Anonymous 0 Comments

Look up the Thought Emporium on YouTube. The guy “cured” his lactose intolerance by genetically modifying a retro virus to implant the genes that make lactase into the cells of his intestine

Anonymous 0 Comments

The cause of lactose intolerance is entirely genetic, it’s a gene that gets turned off mostly by age but also compounded by the lack of lactose (so if you don’t drink milk for a long period, the gene starts to turn off).

Genetic solutions are still cutting edge and because this problem has non-genetic solutions already (lactase pills or lactose free products) not to mention the effect of lactose intolerance is not life threatening, there’s really no reason to look for a genetic solution.

Anonymous 0 Comments

A CRISPR intervention might work for gene editing. Those are only starting to get approvals. There is a tremendous backlog.

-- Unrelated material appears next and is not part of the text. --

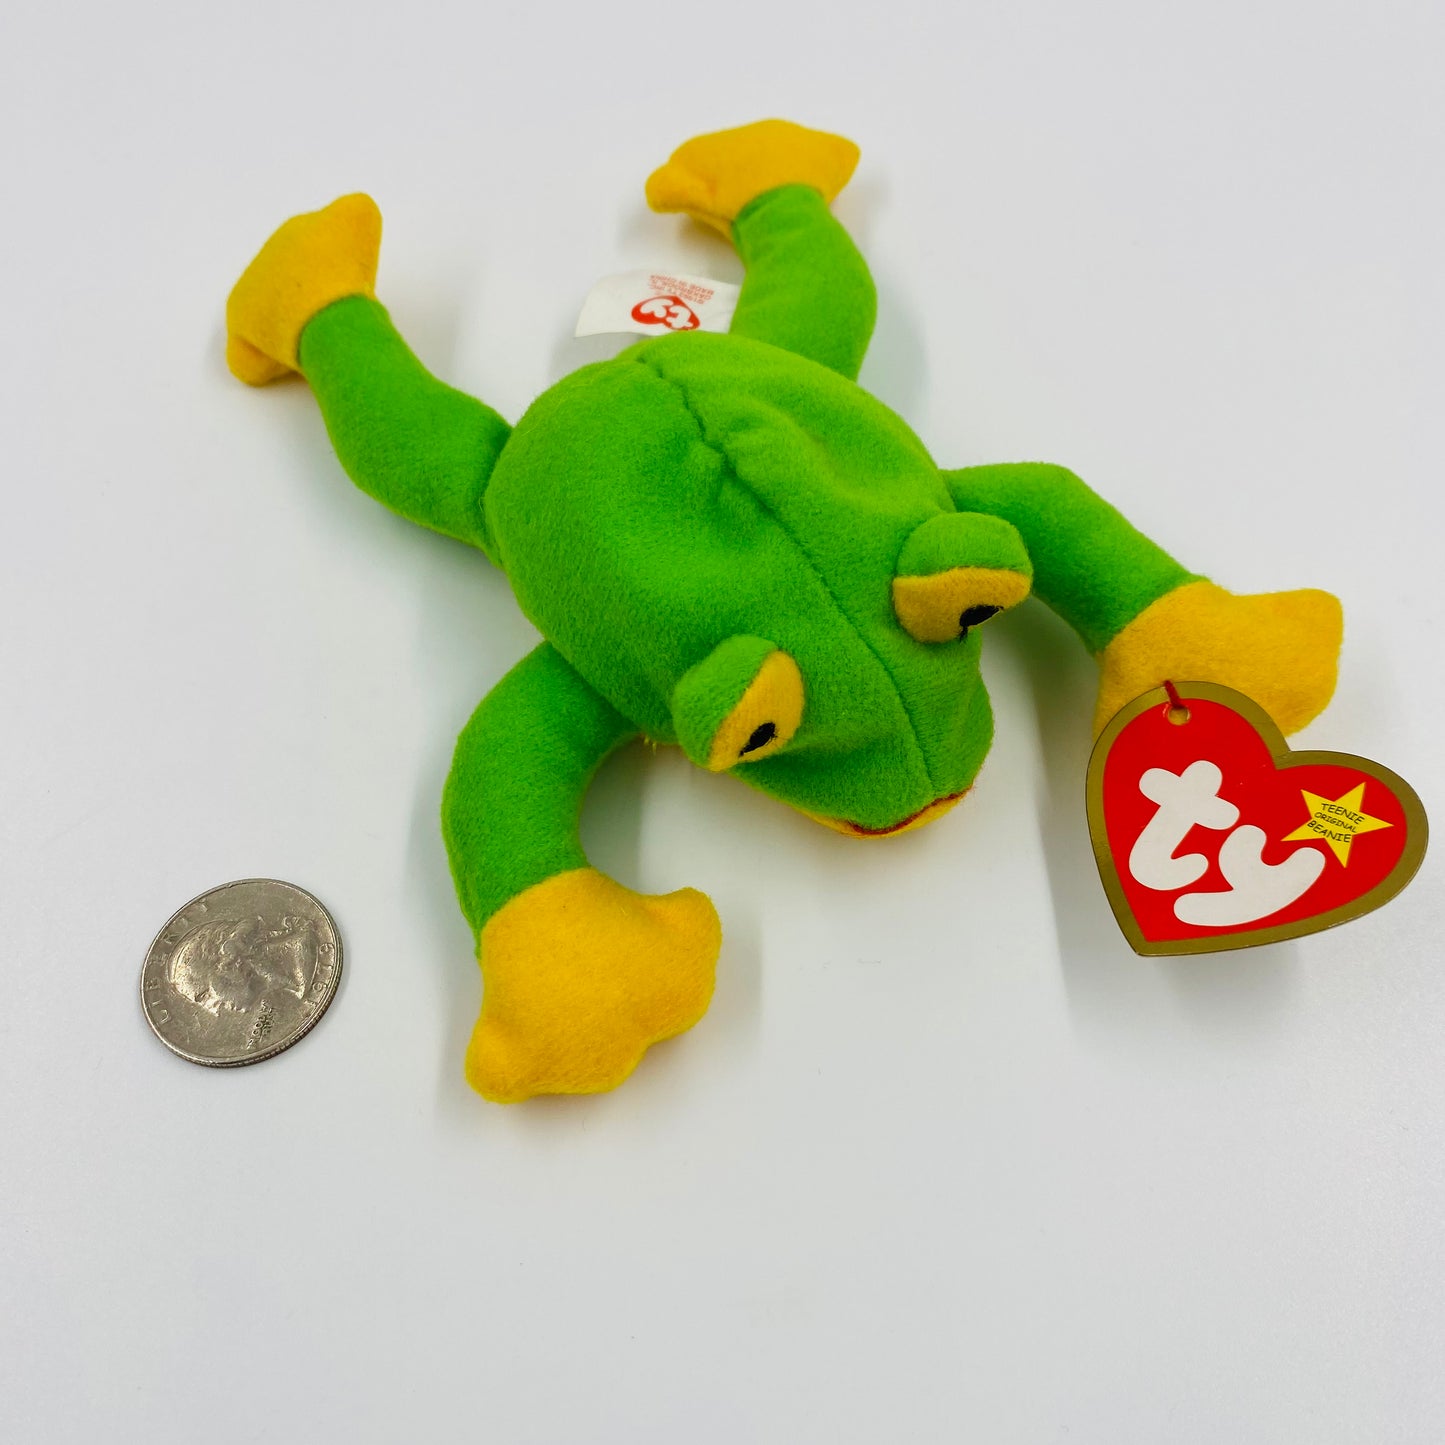 Teenie Beanie Babies Smoochy the Frog McDonald's Happy Meal bean bag plush toy animal (1999) loose

Maybe the dairy industry could pay for it?

Anonymous 0 Comments

There are a LOT of things we could likely “cure” with putting serious resources behind it. But when it is something that doesn’t warrant serious resources because it isn’t that serious of a condition then it usually doesn’t get the money. This would fall squarely in that category.

Anonymous 0 Comments

You’d be on immunosuppressive drugs the rest of your life to not reject the small intestine, which sounds worse than taking lactaid when you want to have some dairy.

Anonymous 0 Comments

Getting an organ transplant isn’t like swapping parts on a car. You’re basically stuck taking immunosuppressants for the rest of your life so your body doesn’t attack the transplanted organ. The immunosuppressant levels that you need for intestinal transplants are some of the highest of all transplants (and part of the reason they are so rare). They are also one of the least successful transplant types. This all means that you have to be way more careful in your daily life than you ever would have to be just watching out for dairy since accidentally getting coughed on or eating slightly spoiled food can lead to serious or even deadly complications.